I have computed a scipy.signal.spectrogram. Now i want to filter and not show some unwanted frequencies on the y axis.
I want to remove the freqs between 47 - 53 and 97 - 103 completely. This cannot be done only by manipulating the plot since the freqs still distorts the color intensity of the plot.
I have tried different things with zero result.

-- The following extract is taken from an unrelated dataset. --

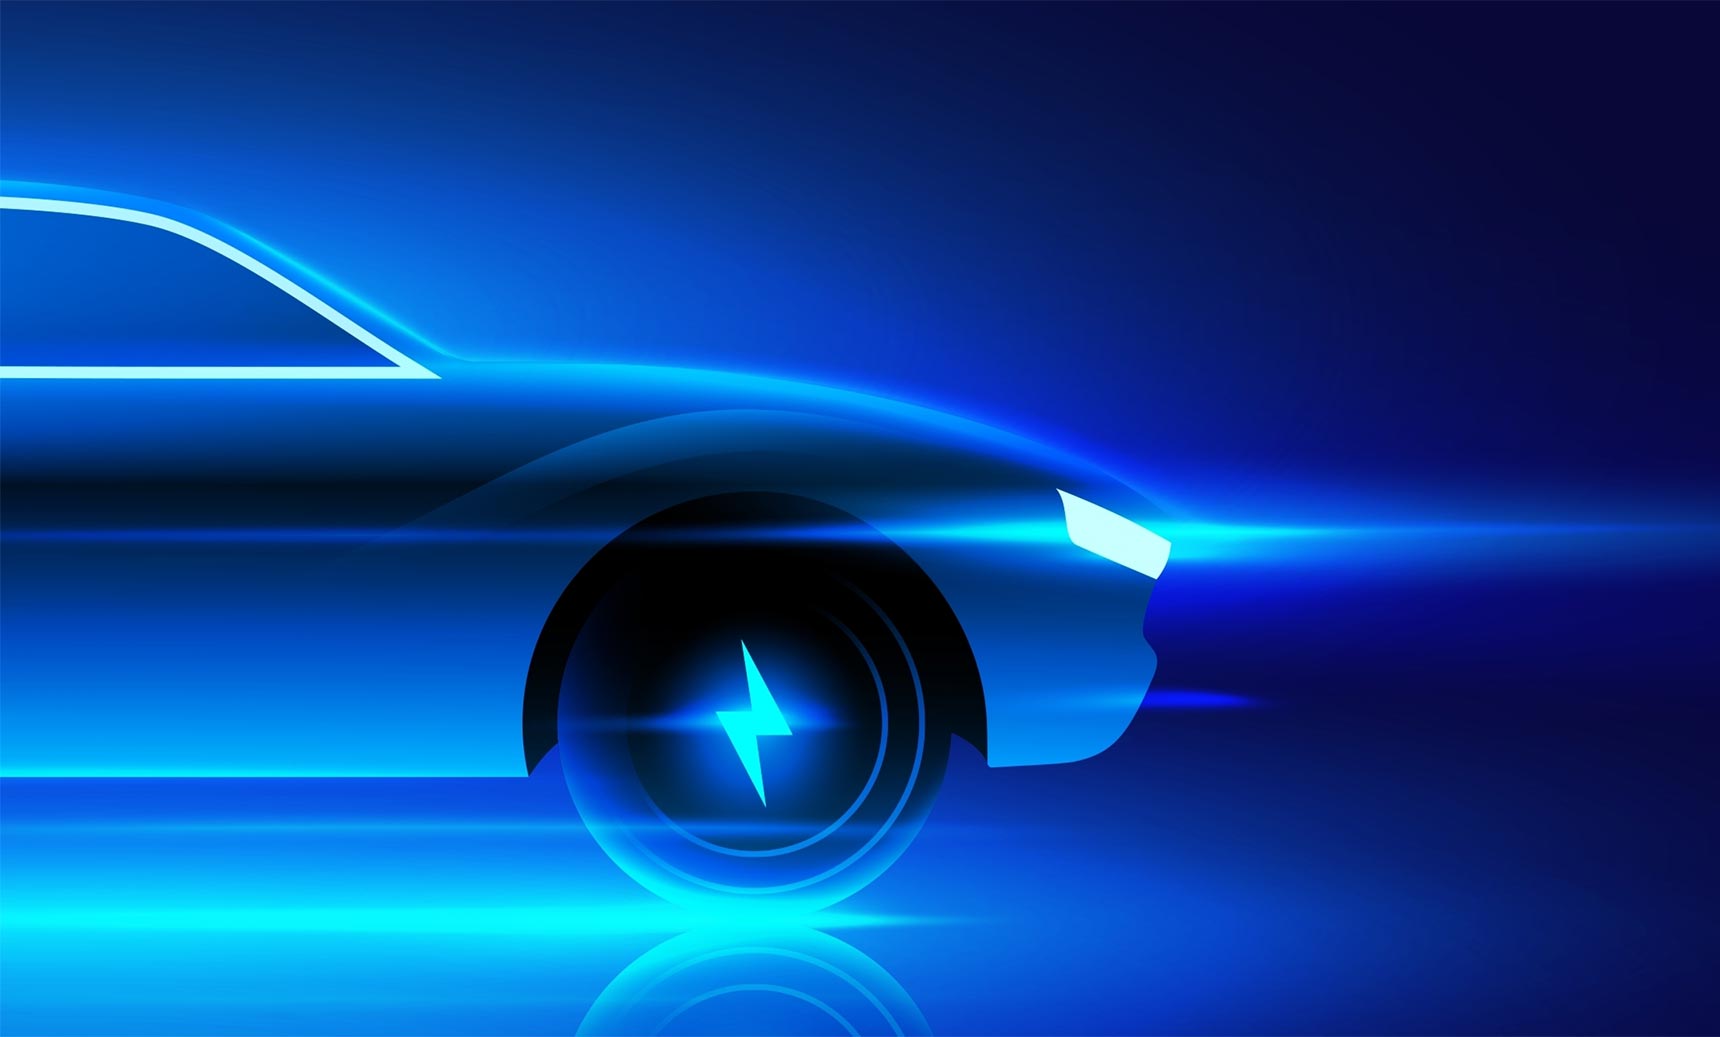 Illustration of a blue electric vehicle with light streaming from it against a black background.

Fs = 500 # Define the sampling frequency,
interval = int(Fs/6) # ... the interval size,
overlap = int(interval * 0.99) # ... and the overlap intervals
import matplotlib
import pylab
import matplotlib.colors as colors
from scipy.stats import lognorm
amp = 2 * np.sqrt(2)
f, t, Sxx = signal.spectrogram(np.array(sze), fs=Fs, nperseg=interval, noverlap=overlap, mode='psd', scaling='density', nfft=1000, window='hann')
plt.figure(figsize=(7,7))
Sxx = 10*np.log10(Sxx)
# Sxx = np.concatenate((Sxx[(t < 47)], Sxx[(t > 53)]), axis=0)

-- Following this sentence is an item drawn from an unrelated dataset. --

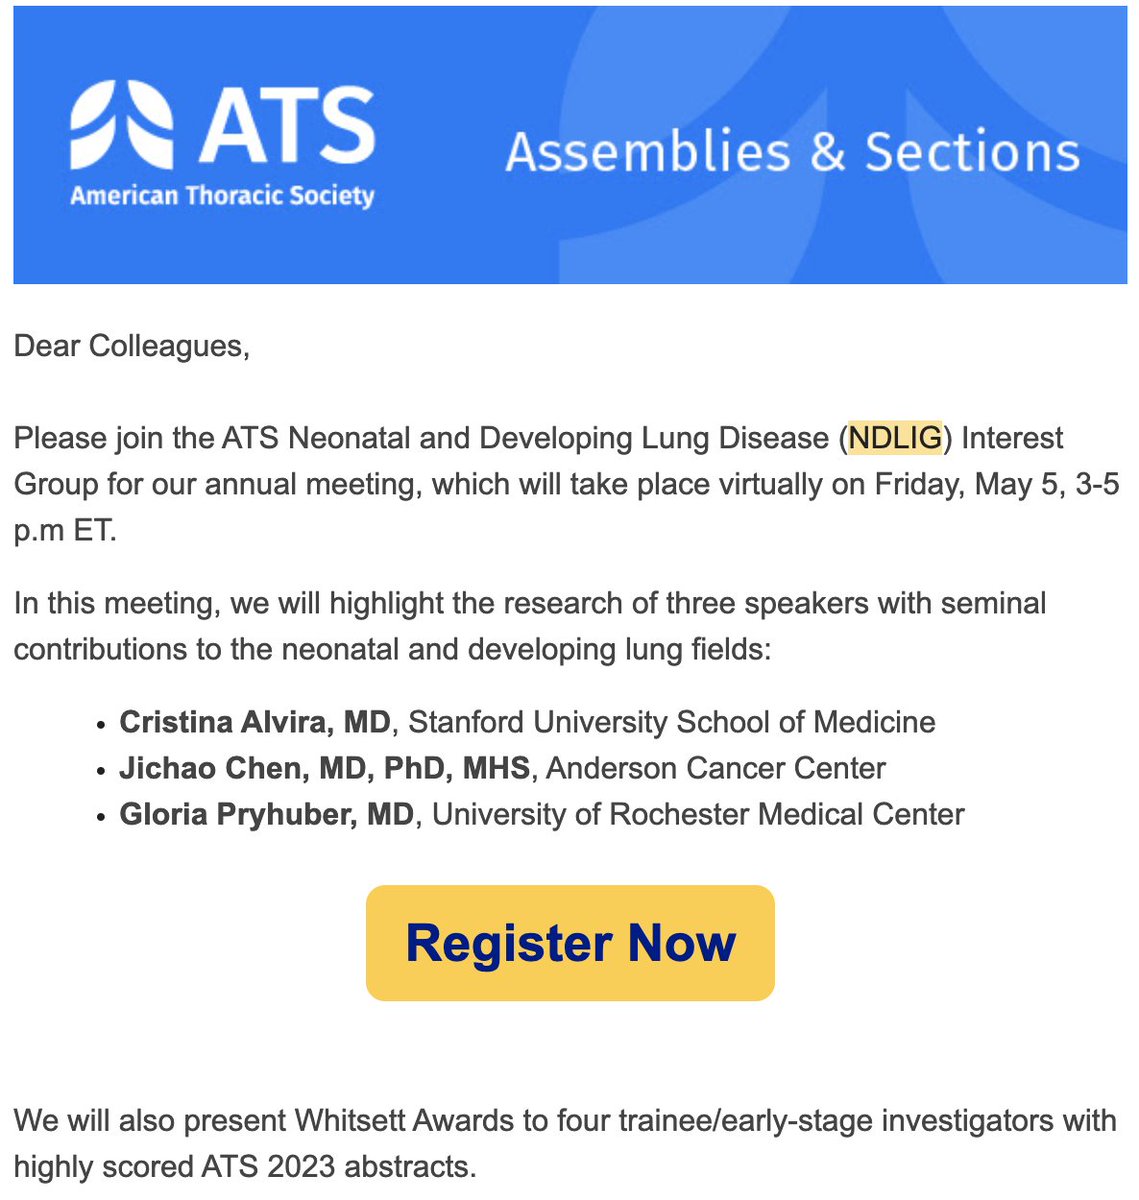 Congratulations to the NDLIG chairs: @premiepulmdoc @vitiellp This an excellent upcoming session for those interested in the neonatal and developing lung.

# f = np.concatenate((f[(f < 47)], f[(f > 53)]), axis=0)
#normalize_color= colors.LogNorm(vmin=np.amin(Sxx), vmax=np.amax(Sxx))
plt.pcolormesh(t, f, Sxx, cmap='jet')# Plot the result
plt.colorbar()
plt.title("Spectrogram: Sample Rate 500 Hz ")
plt.ylabel("Freq")
plt.xlabel("Time (sec)")
The code i have commented out did not work.
Here's my plot:
The output of the signal.spectrogram is two np.arrays: Sxx.shape = (501, 1918) and f is (501,). I expect that red line at 50 Hz is removed and the label on y isn't showing. also that the other frequency color changes.